[Opening Data records section]

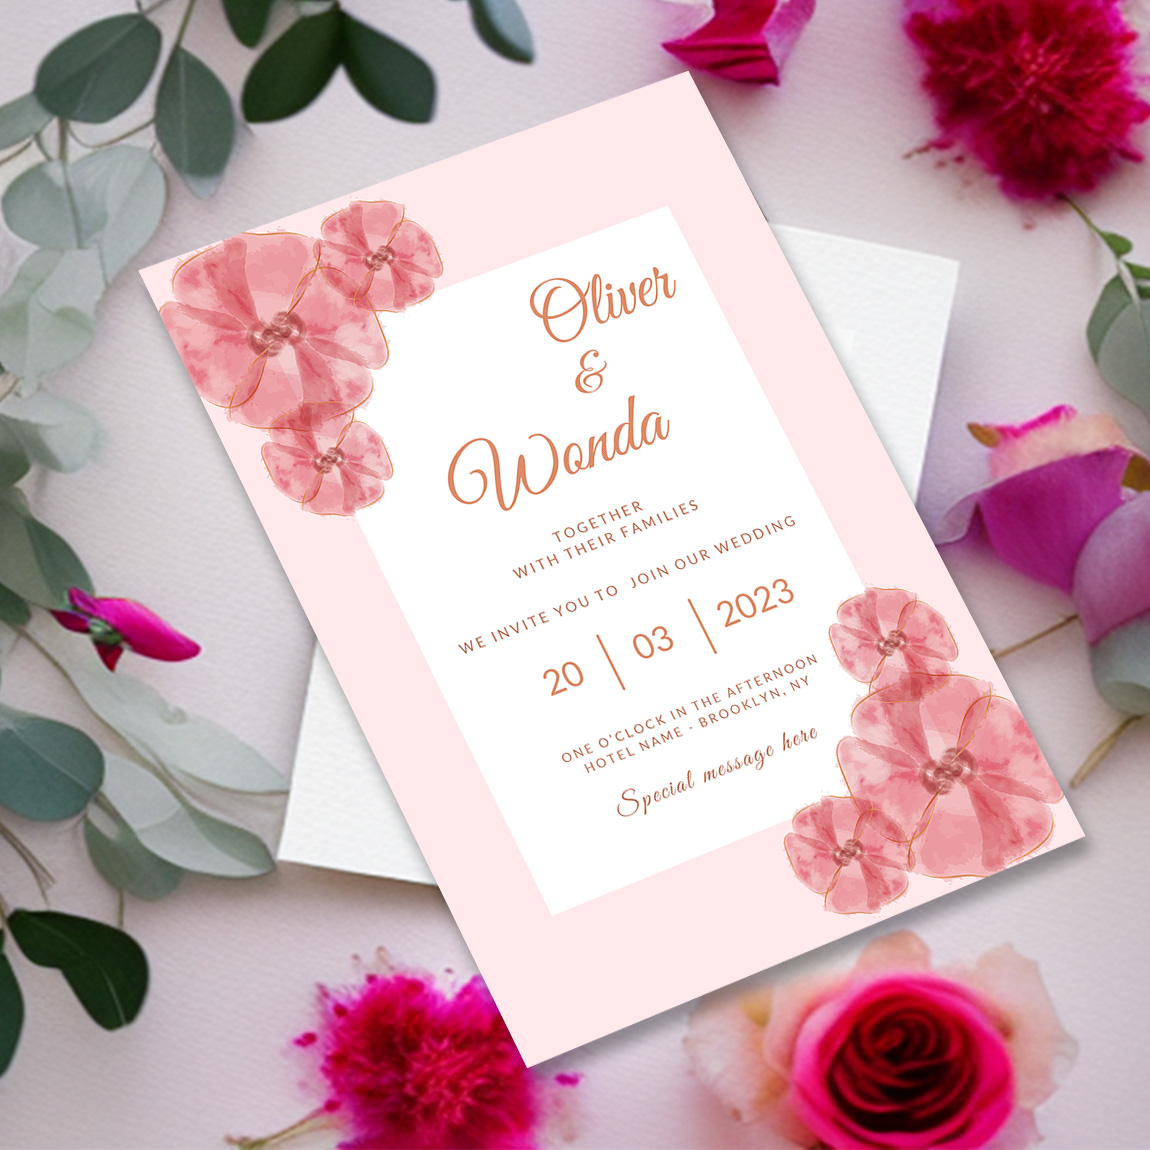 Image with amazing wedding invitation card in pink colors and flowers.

[Closing Data records section]
[Opening Data records section]

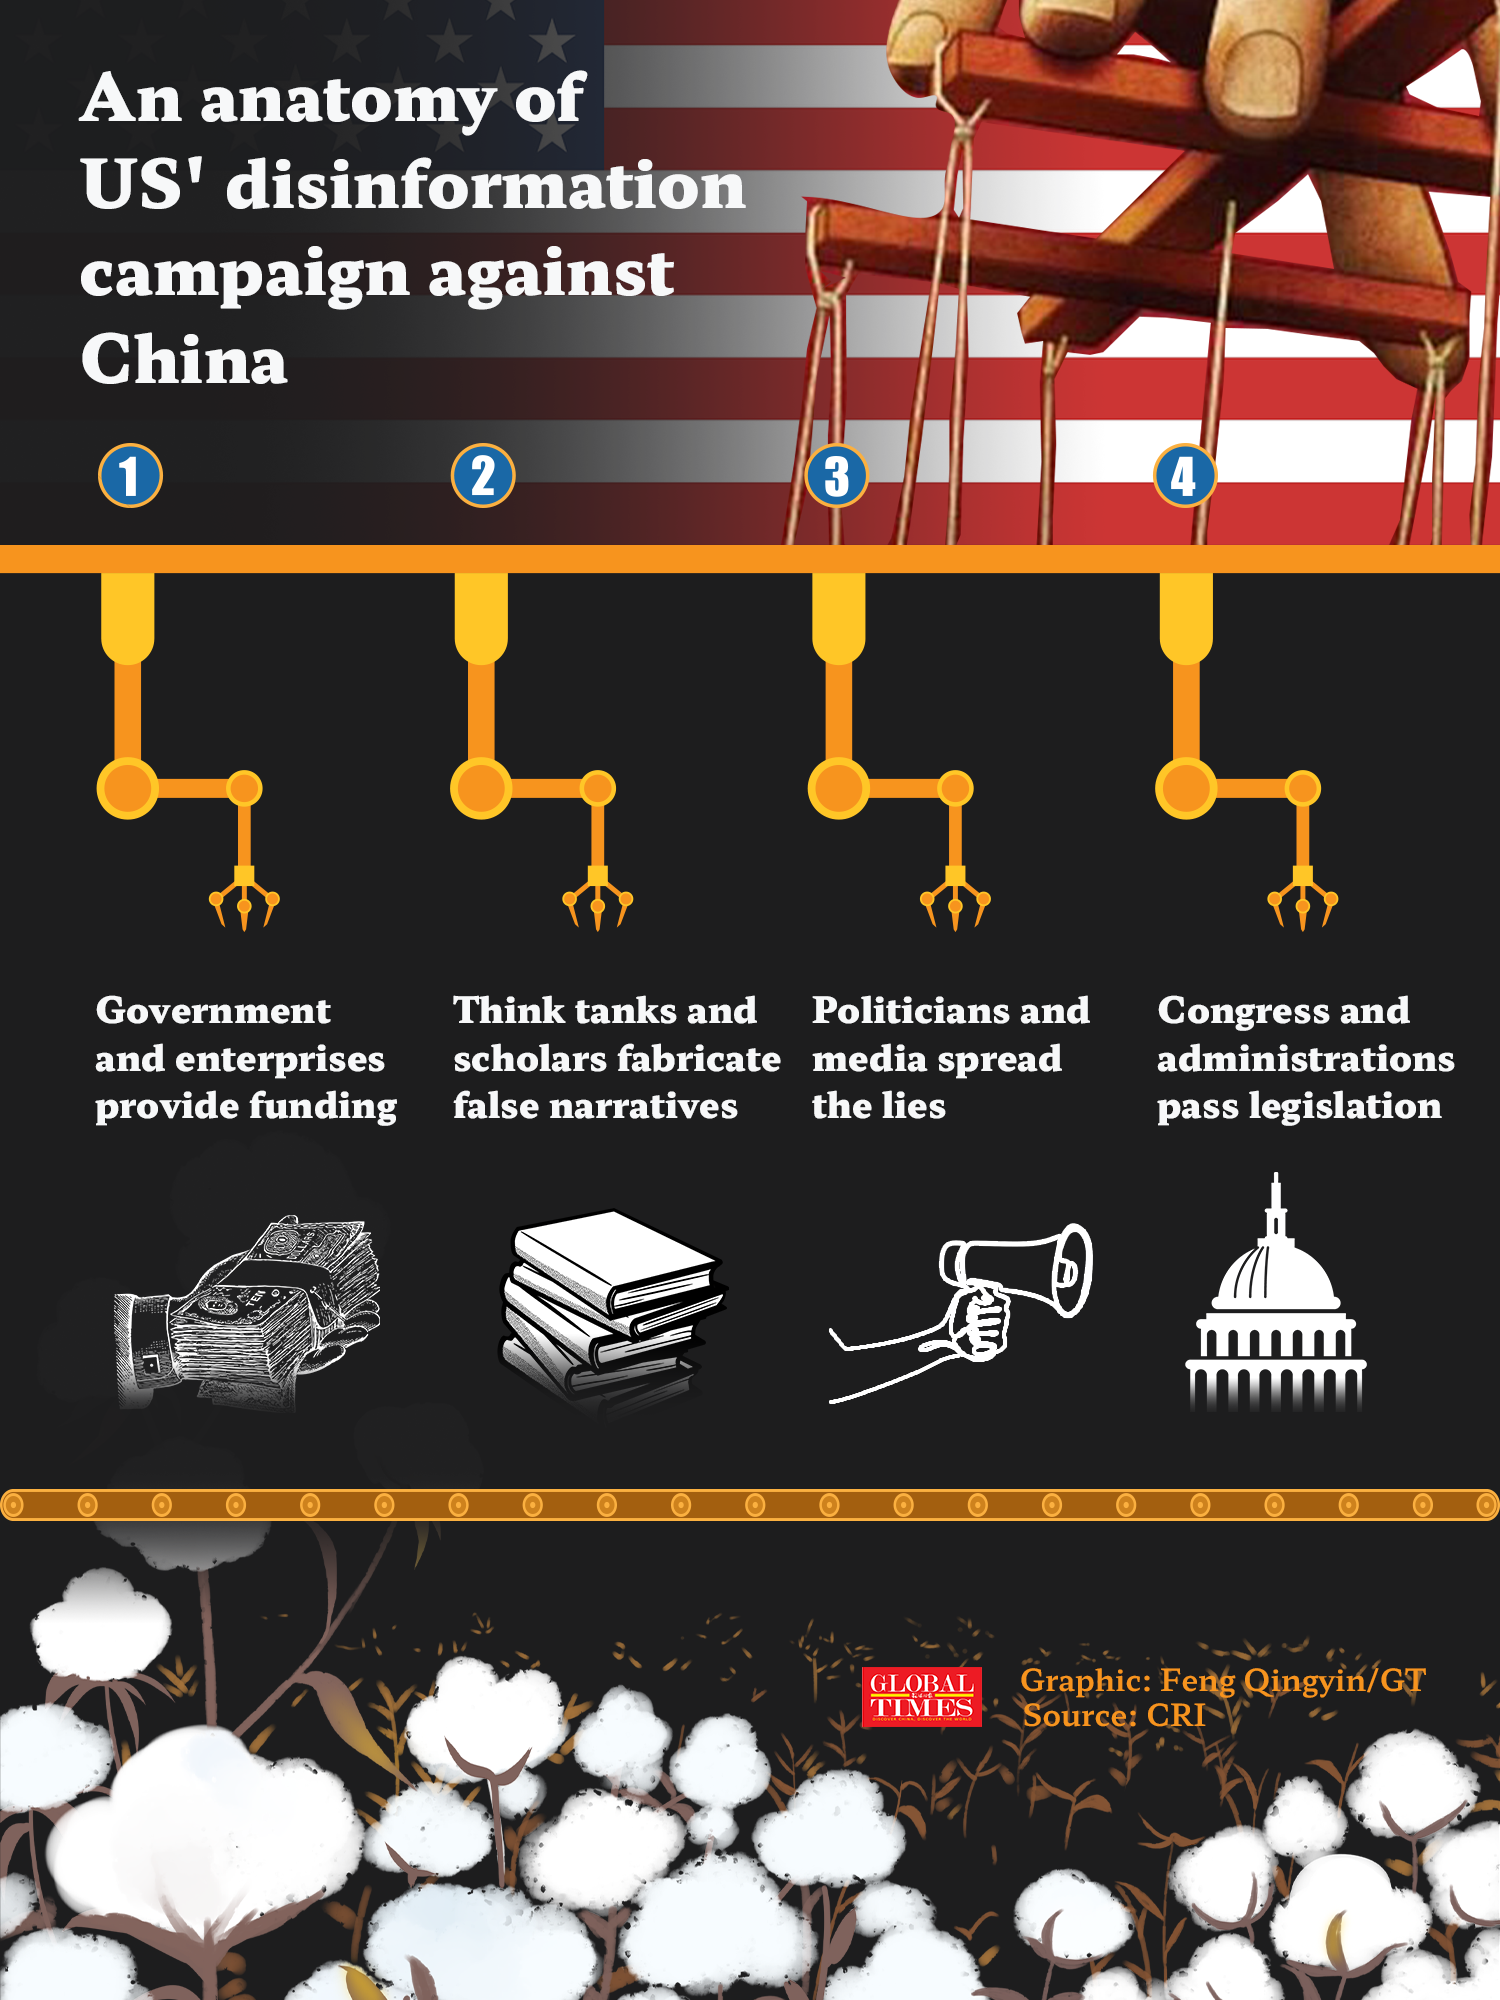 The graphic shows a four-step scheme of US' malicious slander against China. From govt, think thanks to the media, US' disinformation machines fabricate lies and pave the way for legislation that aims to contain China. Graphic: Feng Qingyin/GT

[Closing Data records section]
[Opening Data records section]

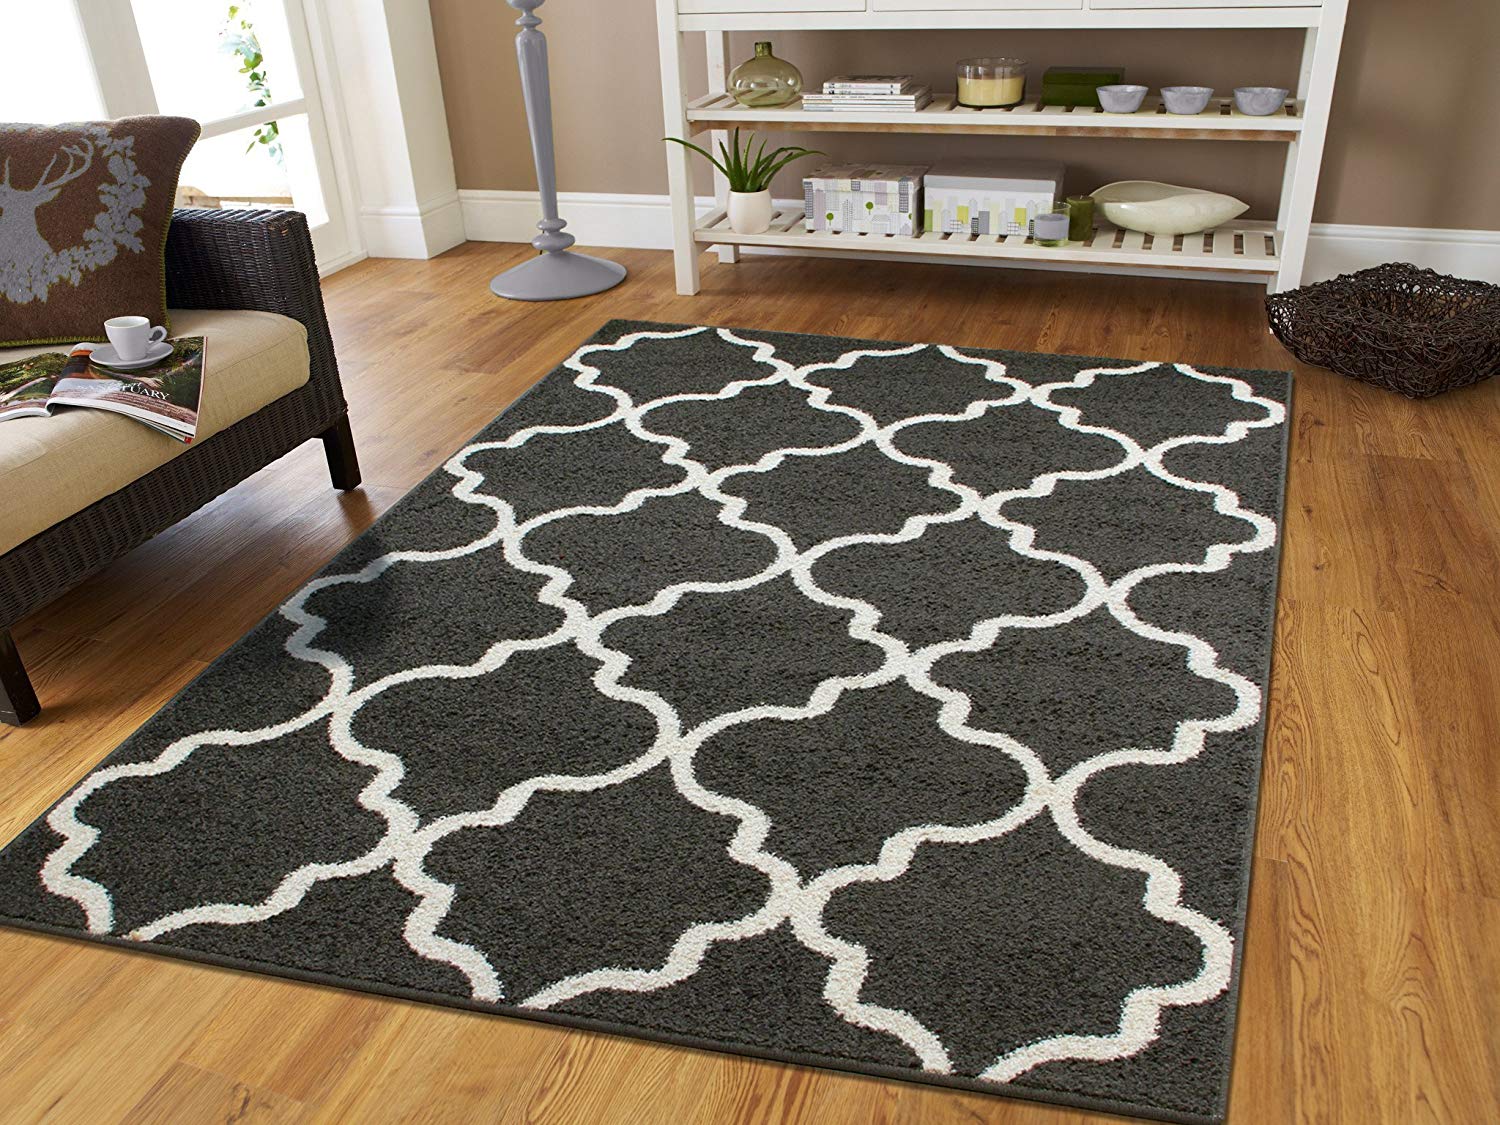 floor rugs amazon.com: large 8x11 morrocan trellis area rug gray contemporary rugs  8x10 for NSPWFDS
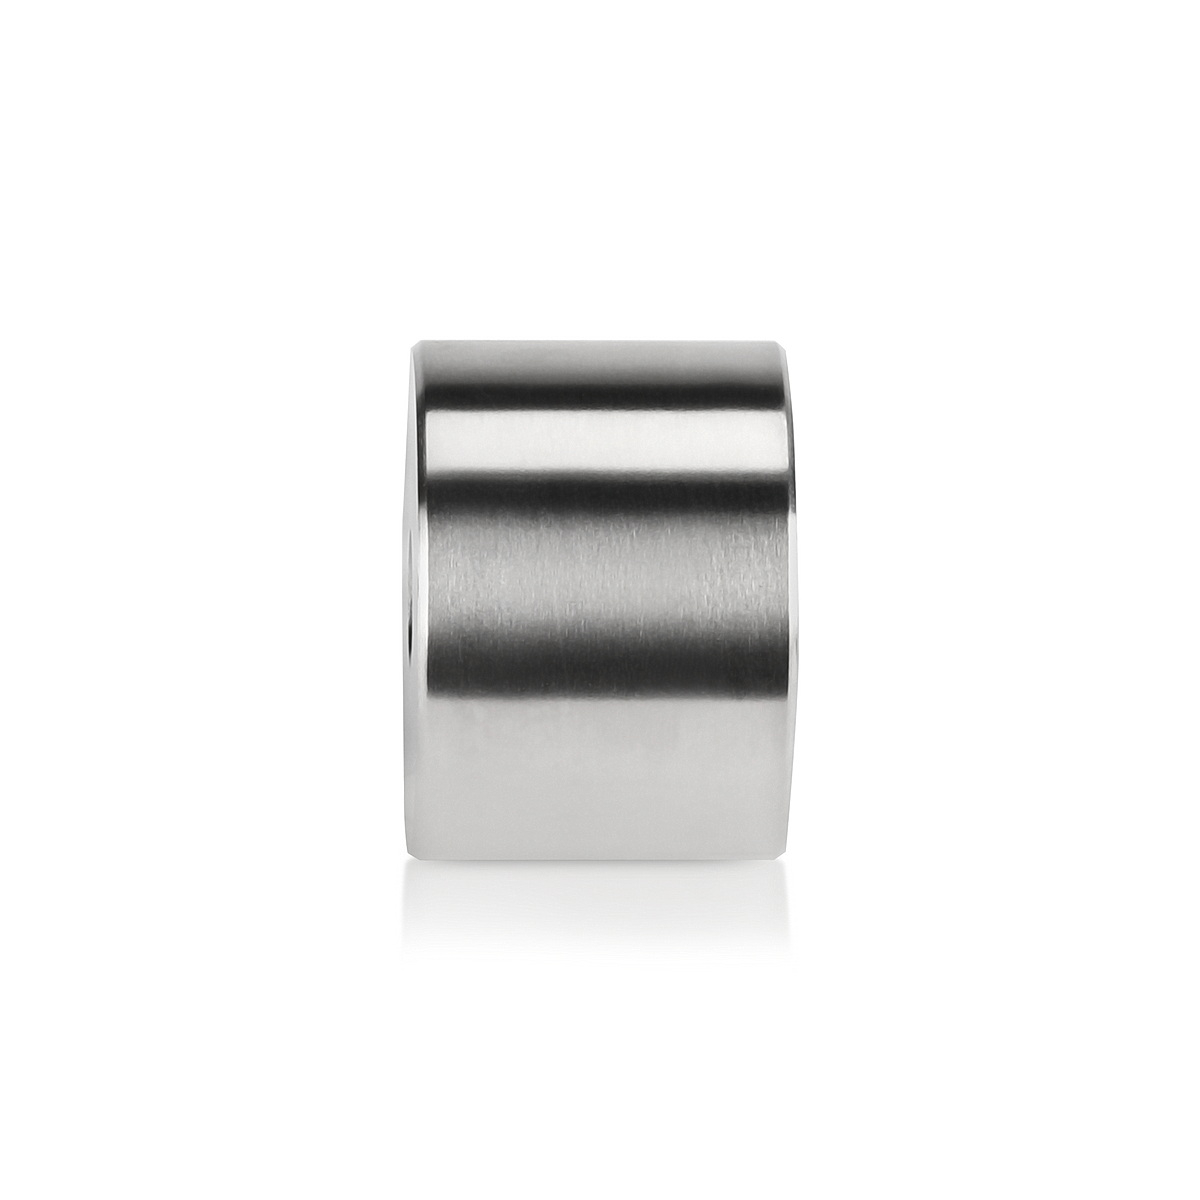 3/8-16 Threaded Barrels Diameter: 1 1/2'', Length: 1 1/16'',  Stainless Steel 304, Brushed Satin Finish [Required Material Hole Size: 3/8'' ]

[Closing Data records section]

Above this task is a listing with pictures in it. Retype only the lines from the one containing "floor rugs amazon.com: large" through the one containing "3/8-16 Threaded Barrels", both included, and not the pictures.

 floor rugs amazon.com: large 8x11 morrocan trellis area rug gray contemporary rugs  8x10 for NSPWFDS
 3/8-16 Threaded Barrels Diameter: 1 1/2'', Length: 1 1/16'',  Stainless Steel 304, Brushed Satin Finish [Required Material Hole Size: 3/8'' ]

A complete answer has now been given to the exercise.